Global markets have rallied overnight, as fears of further escalation in the US-Iran conflict subsided for now. Wall Street rose and the Australian share market followed that positive lead.
- The ASX 200 closed 0.8 per cent higher at 6,874
- Most major banks and mining stocks rose
- The energy sector and gold miners lost ground
At the close of trade, the benchmark ASX 200 index was 0.8 per cent higher at 6,874.
Most blue chip stocks — such as three of the big four banks, BHP and Telstra — rose, while energy stocks lagged following a retreat in oil prices, with Brent crude falling as much as 4 per cent overnight.
During Australian and Asian trade yesterday, US stock market futures fell sharply, as Iran launched missile strikes on Iraqi bases housing US troops.
Stocks across the region fell, before recovering some of the losses after US President Donald Trump did not deliver an immediate response and tweeted “all is well”.
US futures recovered and Wall Street rose strongly during the session, with the S&P 500 and the Nasdaq hitting fresh record highs, before paring gains into the close.
Market snapshot at 8:20am (AEDT):
- ASX SPI futures +0.7pc at 6,798, ASX 200 (Wednesday’s close) -0.1pc at 6,817
- AUD: 68.70 US cents, 52.45 British pence, 61.84 Euro cents, 74.98 Japanese yen, $NZ1.03
- US: Dow Jones +0.6pc at 28,745, S&P 500 +0.5pc at 3,253, Nasdaq +0.7pc at 9,129
- Europe: FTSE 100 flat at 7,574, DAX +0.7pc at 13,320, CAC +0.3pc at 6,031, Euro Stoxx 50 +0.1pc at 3,424
- Commodities: Brent crude -3pc at $US66.20/barrel, spot gold -1.1pc at $US1,556.35/ounce
Shares in Boeing lost more than 1 per cent, after one of its planes crashed shortly after take-off from Tehran, killing all 176 people on board.
In European trade, stocks rebounded from early losses.
Airlines reroute flights in Middle East
The oil price pullback will be good news for the fuel costs of global airlines, if it lasts, however, higher fuel bills may still be in store.

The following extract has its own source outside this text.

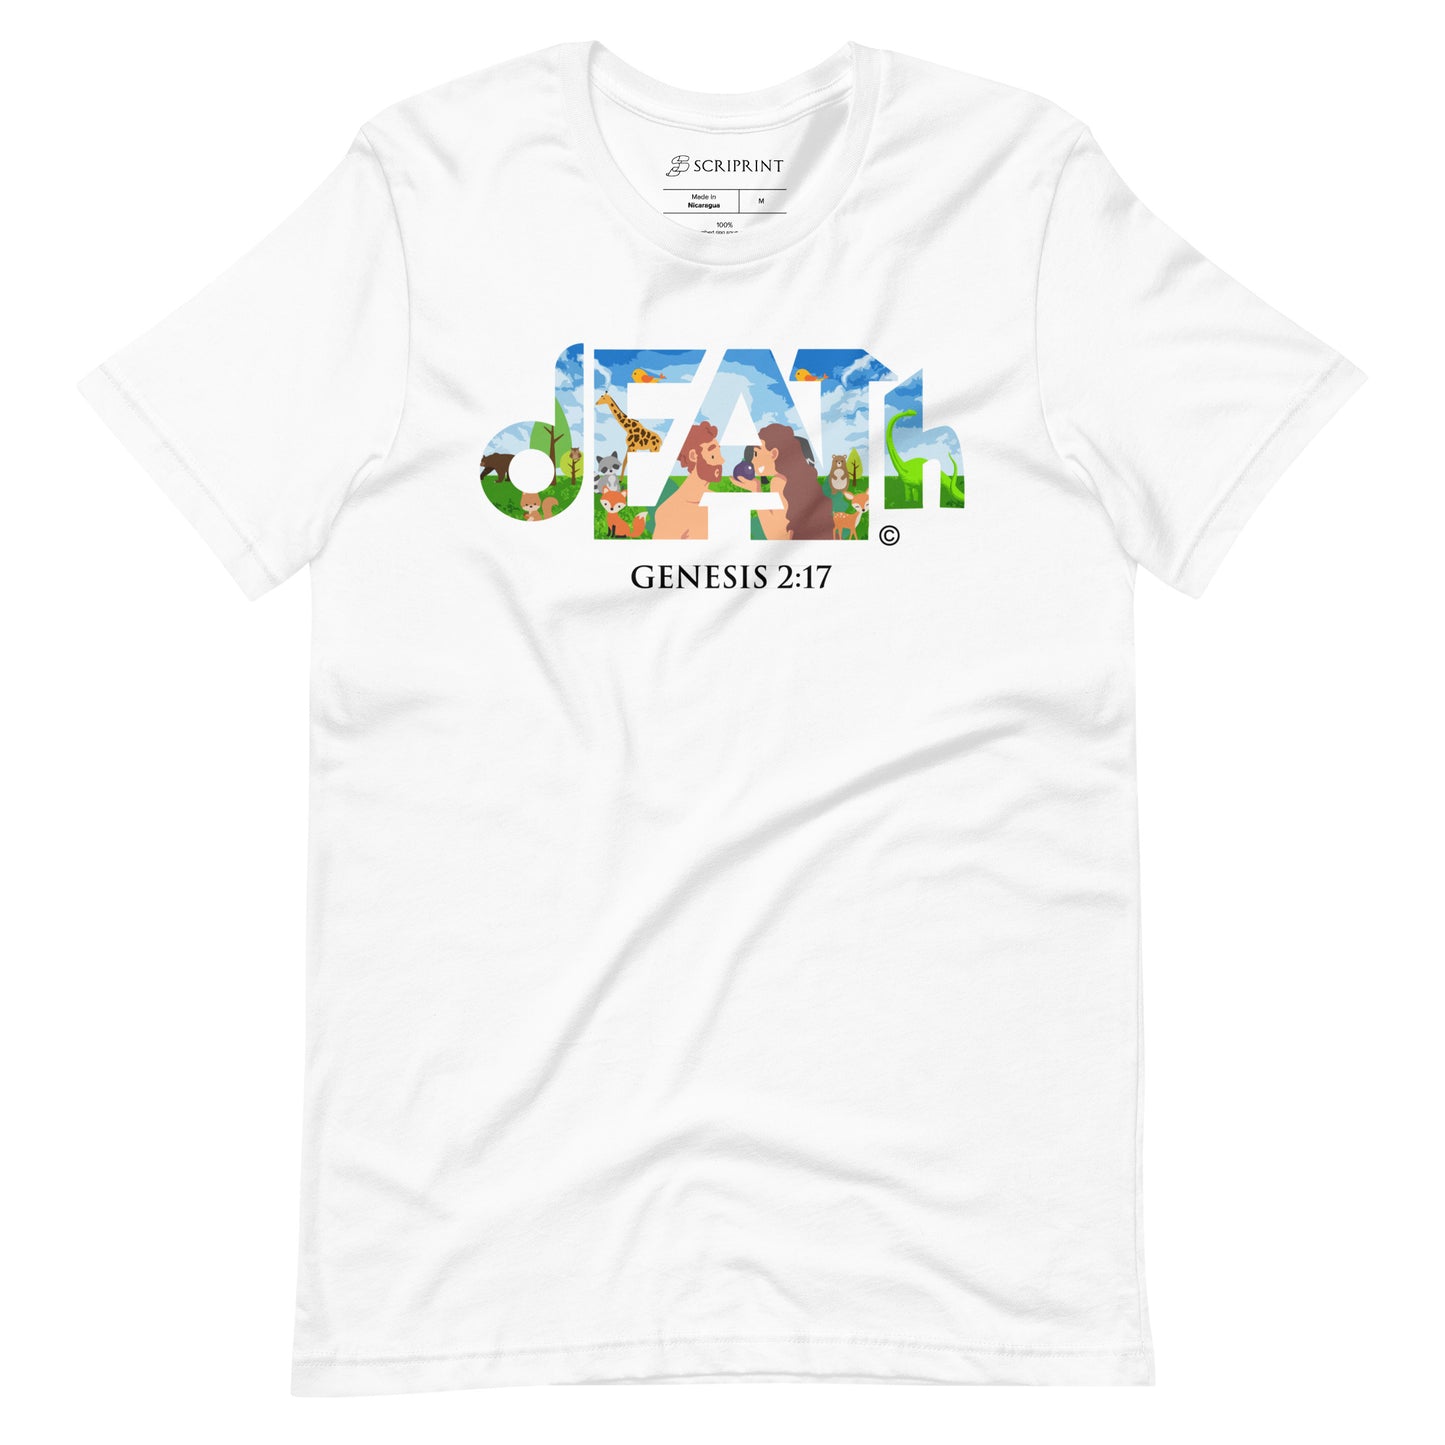 Death Men's T-Shirt

Qantas, along with international airlines including Germany’s Lufthansa, Air France, Singapore Airlines and Malaysia Airlines have rerouted flights to avoid airspace over Iran and Iraq, due to the tensions with the US.
Airline analysts have told Reuters the longer journey times will increase fuel usage, throw off schedules and add to operating costs.
On Wednesday, Qantas said its Perth to London flight would have an increased flying time of 40 to 50 minutes due to its redirected flight path, and passenger numbers would need to be reduced in order to carry more fuel.